While frrs1 and cybrd1 (Cytochrome b reductase 1) are both involved in iron metabolism, they have distinct amino acid sequences that reflect their specific functions. For comparison, the full-length Xenopus laevis cybrd1 protein consists of 283 amino acids with the sequence: MEGYKSFLAFLVSSLLLGFLGVIFTLVWVLHWREGLGWDGGAAEFNWHPVLVTSGFIFIQGIAIIVYRLPWTWKCSKLLMKFIHAGLHLTALIFTIVALVAVFDFHNAKNIPNMYSLHSWIGLTV VILYALQLVLGVSIYLLPFASNTLRAALMPVHVYSGLFIFGTVIATALMGITEKLIFSLKEPPYSKLPPEAIFVNTFGLLILVFGGLVVWMVTTPAWKRPREQGMEILSPTVSSP DETEEGSTITDCSNTEKSDVELNSEAARKRILKLDEAGQRSTM . Structural analysis indicates that both proteins contain transmembrane domains required for their localization and function at cellular membranes.

What developmental expression pattern does frrs1 exhibit in Xenopus laevis embryos?

Based on expression patterns of related proteins in Xenopus laevis, frrs1 likely follows a developmentally regulated expression profile. For context, other functionally important Xenopus proteins such as FBRSL1 show maternal expression detected in the animal pole at early stages, followed by broad expression during gastrulation (with the exception of the blastoporus), and more localized expression in the anterior neural plate during neurulation . By understanding the temporal and spatial expression pattern of frrs1, researchers can gain insights into its potential developmental roles.
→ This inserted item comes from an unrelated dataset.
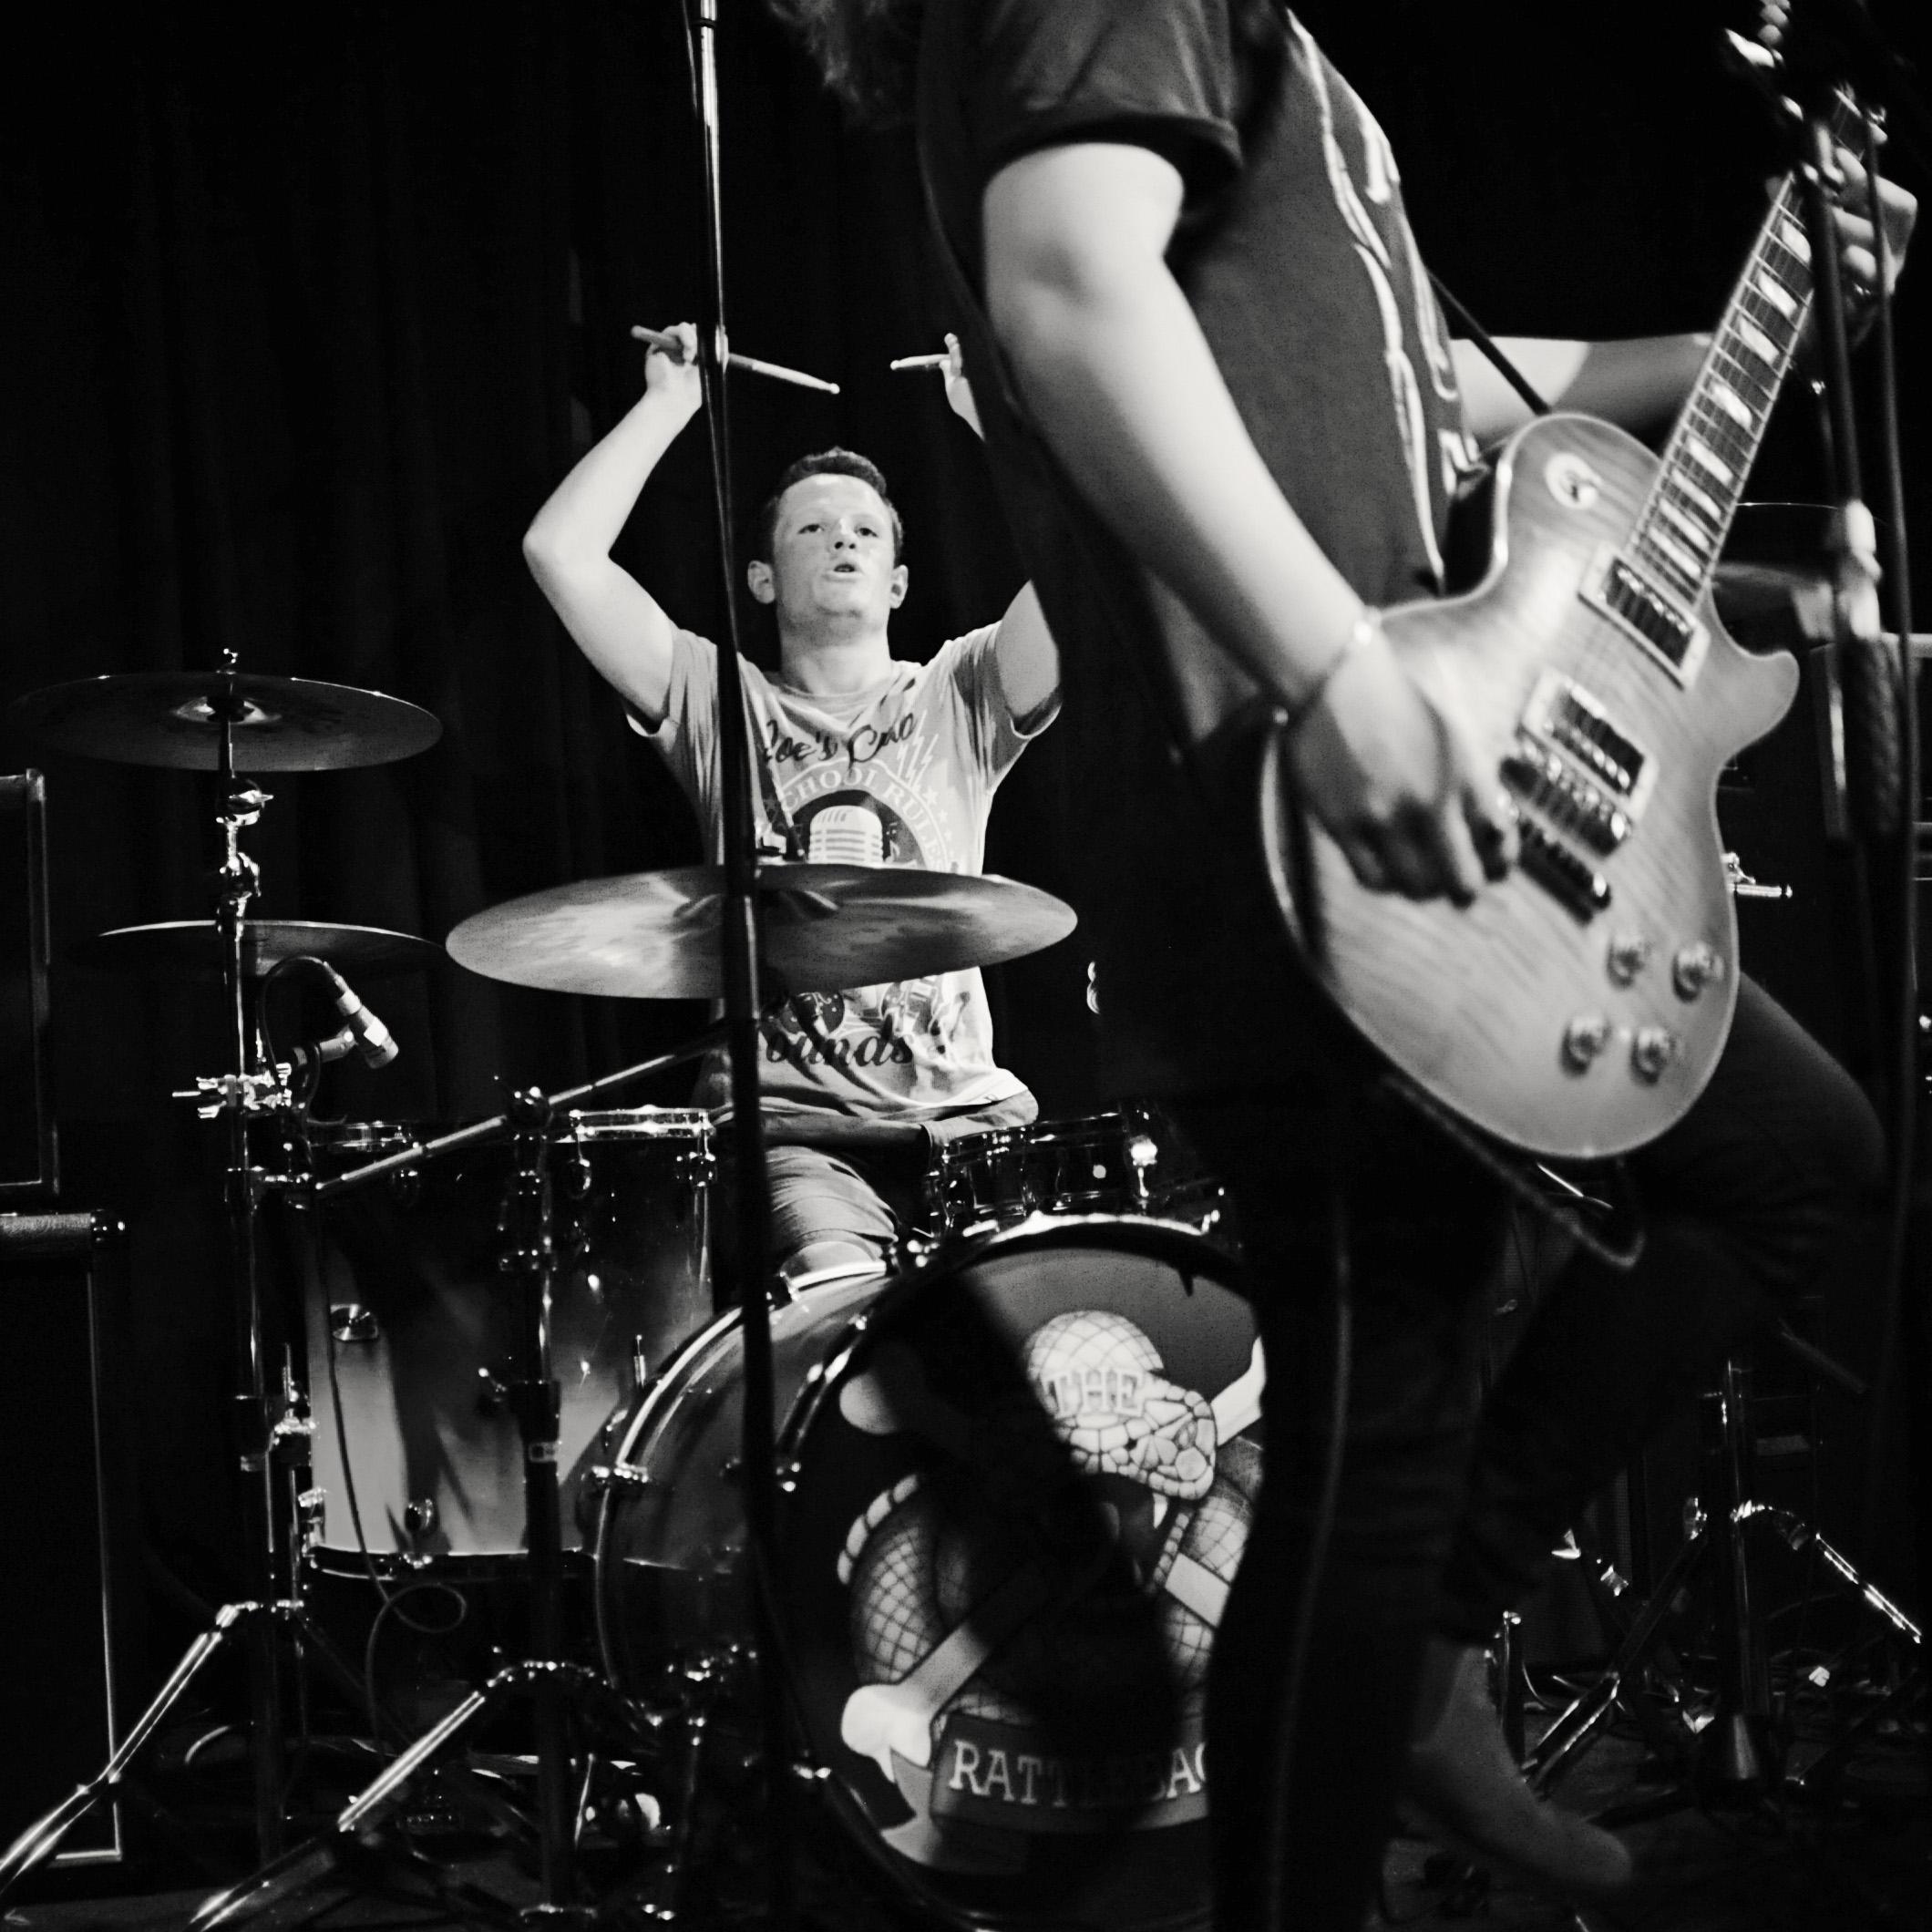 Joe Donegan Drumming Live B+W

What are the optimal conditions for expressing and purifying recombinant Xenopus laevis frrs1 protein in E. coli systems?

For optimal expression of recombinant Xenopus laevis frrs1 in E. coli, researchers should consider using a system similar to that employed for related proteins. Based on protocols for similar proteins, expression in E. coli with an N-terminal His tag provides good yields of functional protein . The optimal procedure includes:

• Cloning the full-length coding sequence into an expression vector with an N-terminal His tag

• Transforming into an E. coli strain optimized for protein expression (BL21(DE3) or similar)

• Inducing expression at OD600 0.6-0.8 with 0.5-1mM IPTG

• Growing cultures at 16-18°C overnight to minimize inclusion body formation

• Purifying using Ni-NTA affinity chromatography under native conditions

For storage, the purified protein should be buffer-exchanged into Tris/PBS-based buffer with 6% trehalose at pH 8.0, aliquoted and stored at -20°C/-80°C to prevent repeated freeze-thaw cycles that could compromise protein activity .

How can researchers validate the functional activity of recombinant frrs1 protein after purification?

To validate functional activity of recombinant frrs1 protein, researchers should implement a multi-step validation approach:

• Structural integrity assessment: Perform SDS-PAGE analysis to confirm >90% purity and correct molecular weight

• Iron reduction assay: Measure ferric iron (Fe³⁺) to ferrous iron (Fe²⁺) conversion using ferrozine-based colorimetric assays

• Binding assays: Analyze interaction with potential physiological partners using co-immunoprecipitation or surface plasmon resonance

• Enzymatic kinetics: Determine Km and Vmax values for iron reduction under varying substrate concentrations and pH conditions

For accurate results, researchers should conduct these assays with appropriate positive controls (such as commercial ferric reductases) and negative controls (heat-inactivated protein).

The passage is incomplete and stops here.